The proof is in the law of large numbers. You're simply disagreeing with statistics having any worth if you disagree with this. There's no cut off point at which a sample becomes accurate short of a 100% census. It's simply that moving from a sample of 1 to a sample of 2 makes a big difference, moving from 2 to 3 a lesser big difference, and so on. It's subjective where you cut off lesser bigness from the beginning of smallness, but that's not important, since things can be defined in terms of the standard error, which is huge for tiny samples, but only a few percent for larger ones. Of course this only applies strictly to random samples, which is why Bayesian estimates are used for self-selected ones.
My view of users is also harsh, which is why I don't expect them to do what I want, but what they want. It's my problem if I can't help them, since I'm the one trying to do so. They're only trying to be honest, excepting some bad apples that are my responsibility to deal with (as opposed to treating everyone like scum in the first place, which is counterproductive from a user usefulness standpoint). Anyway, the system pissing people off actually is a system integrity problem, as people will simply do whatever it takes to limit their distress, which will not be what is intended by the system designer.
I believe in proof, too, but I look at the entire picture. If a system favors a type of accuracy that is commonly rejected to the point of rebellion then it's not as good as a less perfect but more free system that won't incite rebellions. Likewise with the suggestions I make to people.

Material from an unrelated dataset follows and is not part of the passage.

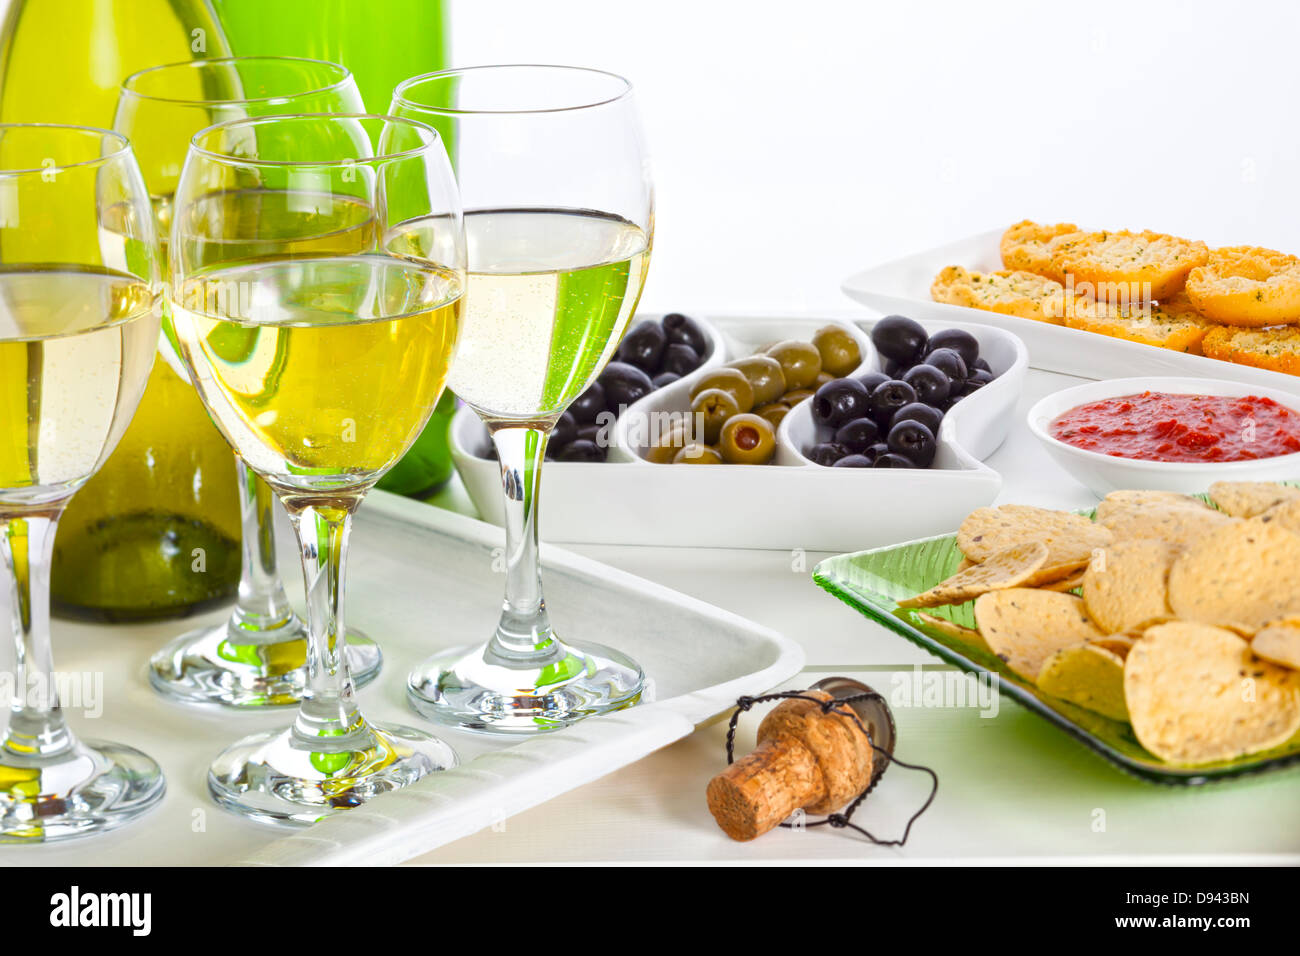 Essen und Wein auf einer Feier buffet Tisch, Textfreiraum. Stockfoto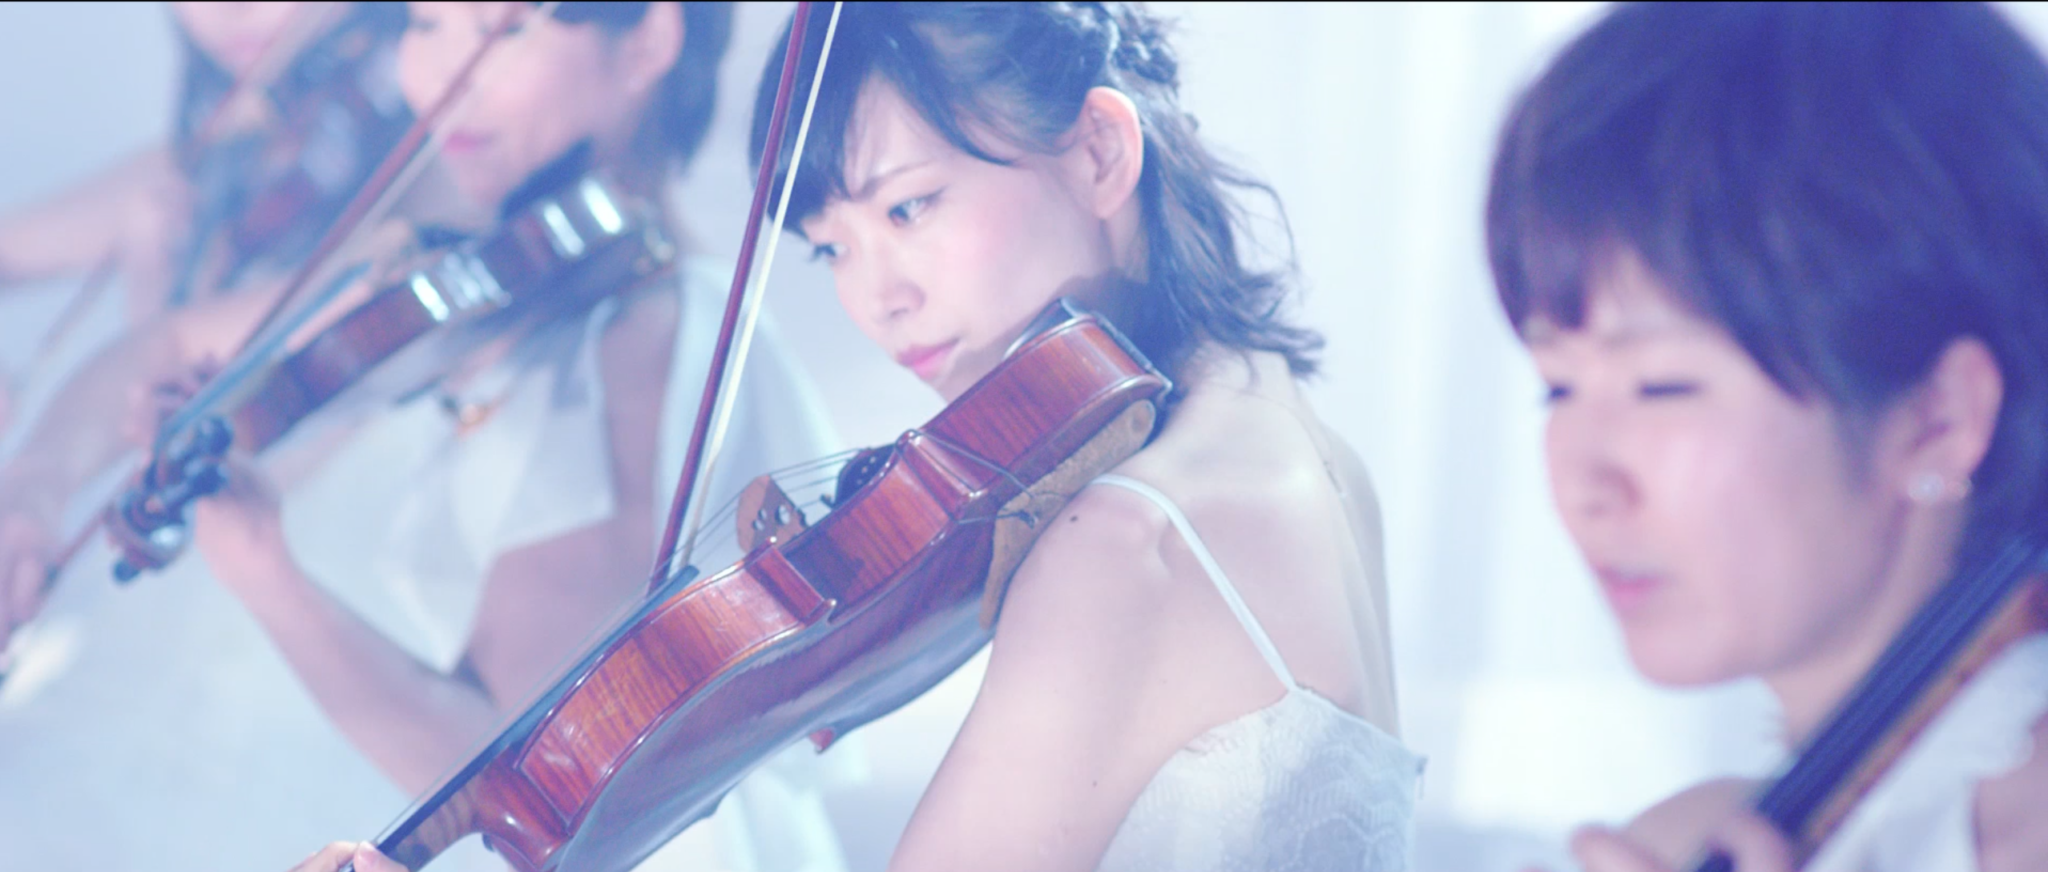 美人演奏家が安室奈美恵さんのPV撮影に出演しました

If they simply will not adopt them regardless of their ideality then there is no sense in suggesting them. Baby steps...
Like I said, you can't achieve objectivity in any real sense anyway. Everything will only be a probability unless the samples are 100% censuses, so it's best to not muddle things by not allowing people to give you some important information just because it creates inequality. Equality won't ever be perfect anyway, but it's possible to work well with the users rather than requiring them to work well with you in this case, statistically speaking.
I know a programmer who tells me that he's coding at times, so I can't know if programming is really the extremely dominantly used word. After all, I only have a sample of two! Another programmer I know is slowly helping me with my site, and he's very careful and thoughtful, so it should be okay.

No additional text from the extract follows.